Talvez eu tivesse com Roth a mesma relação que, aos 10 anos, tinha com Rocky Balboa – um desejo de identificação, uma certa idolatria. Mas se Rocky era o herói que eu queria ser em criança, Roth era o homem que me explicava quem eu era em adulto. Os seus livros tiveram tamanha ressonância porque desmascaravam a vida com um esclarecimento e uma profundidade, com um humor e uma crueza, com uma sofisticação e um despretensiosismo, que só a grande literatura consegue – uma vez que a vida é demasiado atabalhoada e plena de engano, ou, como o próprio escreveu: “A quantidade de coisas que não conhecemos é impressionante. Ainda mais impressionante é o que passa por conhecimento”. 

Há cerca de um mês, li novamente “Património”, a obra biográfica em que Roth escreve sobre a vida, a doença e morte do pai. Hoje voltei a pegar-lhe. Procurei a passagem em que o escritor visita a campa da mãe antes de informar o pai de que este tem um tumor no cérebro. “O que os cemitérios provam, pelo menos a pessoas como eu, não é que os mortos estão presentes, mas que deixaram de estar. Eles deixaram de estar e, por agora, nós continuamos. Isto é fundamental e, embora inaceitável, percebemo-lo com facilidade”. Por momentos pensei ter resolvido o enigma da minha agonia com a morte de um desconhecido: perante a perda, qualquer pessoa tem de conjugar dolorosamente aquilo que é inaceitável com o que é inevitável. Mas não era apenas isso, havia algo mais pessoal e poderoso e oculto. 

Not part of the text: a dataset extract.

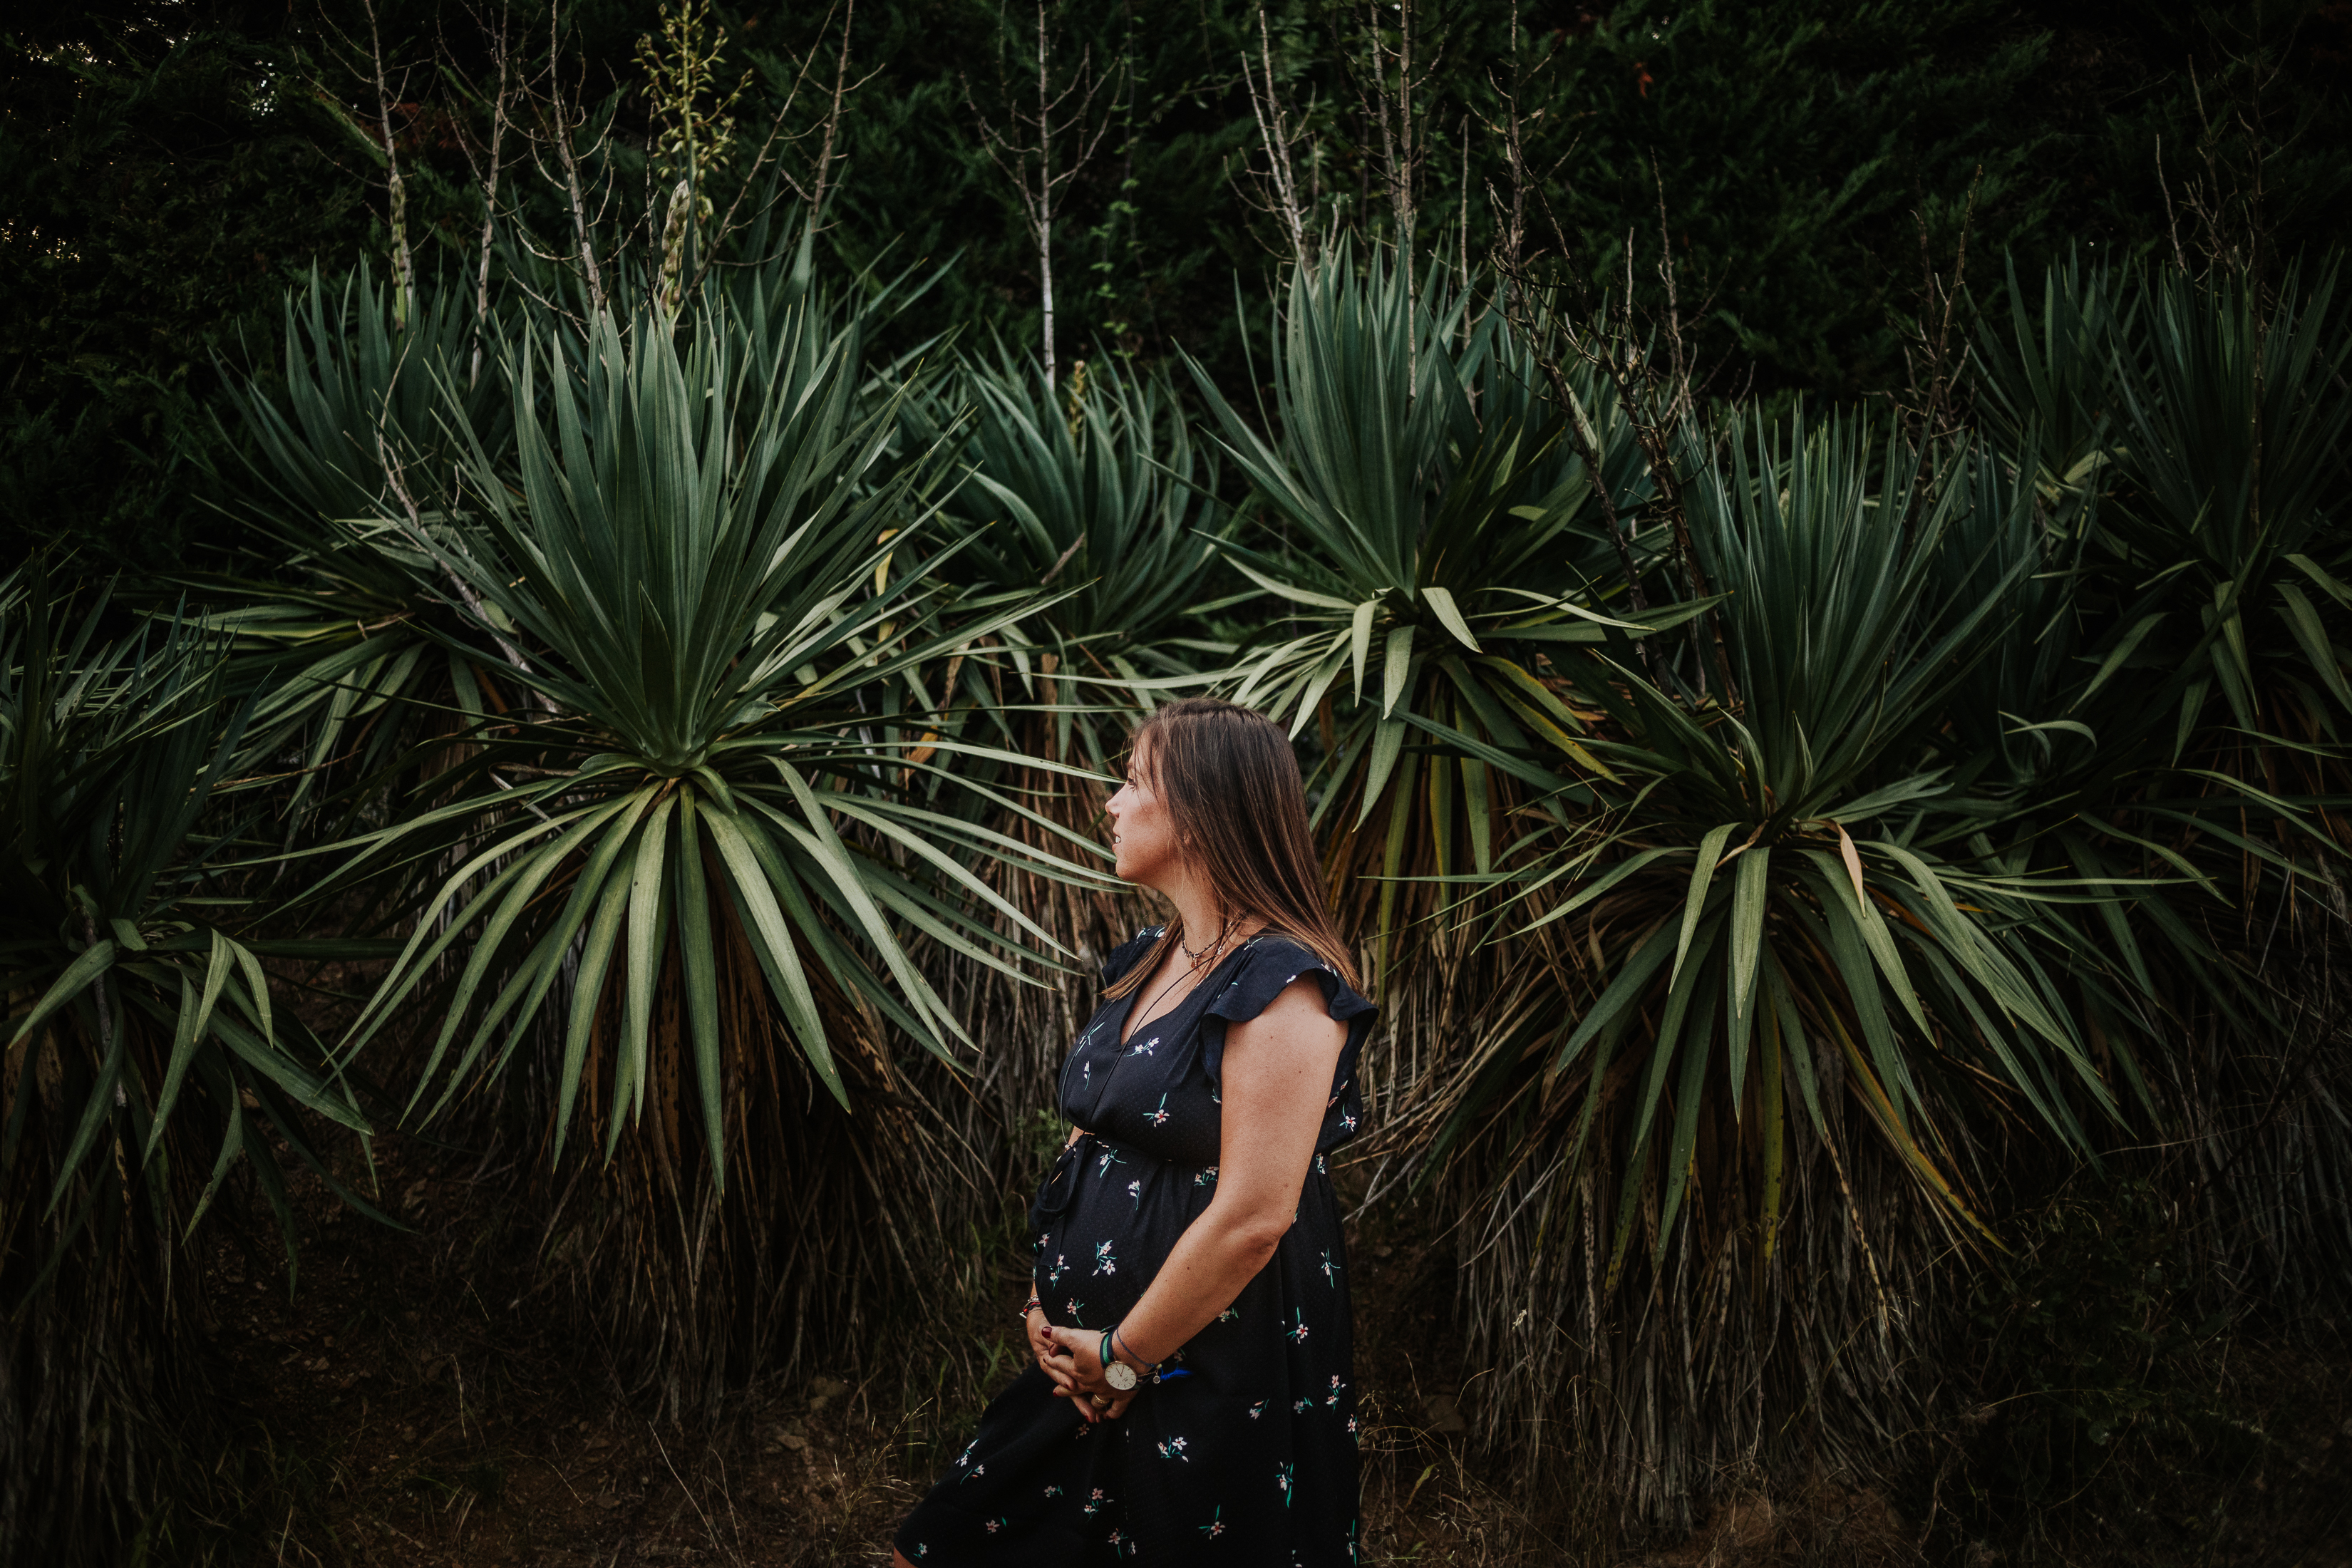 Fotógrafo embarazada Sant Cugat :: Embarazo La floresta :: fotógrafo embarazada

Roth citava várias vezes uma frase atribuída a Kafka: “Devíamos ler apenas os livros que nos mordem e nos perfuram. Se um livro não nos desperta como um golpe na cabeça, para quê lê-lo?” 

No fim de “Património”, o escritor relata um sonho que teve, antes da morte do pai, em que um navio abandonado se aproxima do porto de Newark, numa paisagem desoladora que o fez lembrar da sua tristeza, aos 12 anos, quando o presidente Roosevelt morreu semanas antes da vitória das tropas dos Aliados na Europa: “Um navio defunto que se aproximava da costa às cegas… Não se trata de uma imagem do meu pai que a minha mente acordada, com a sua resistência à metáfora queixosa e às analogias poéticas, teria autorizado. Foi antes o sonho que, na sua sabedoria, me entregou, com verdade e bondosamente, esta visão simples e infantil, e que cristalizou a minha dor de forma tão apropriada”.

Relendo essa passagem, dei-me conta, como se levasse um golpe na cabeça,  de que também o meu sonho da noite passada era sobre a relação que tenho com o meu pai – esse pai que é o início de tudo e que tudo abarca. A visão simples e infantil. A dor cristalizada. 

Os livros de Roth não são apenas um golpe na cabeça, emergem das profundezas da inconsciência, desenterram a vida, trazem a escuridão do sonho para a luz do que é inevitável e inaceitável.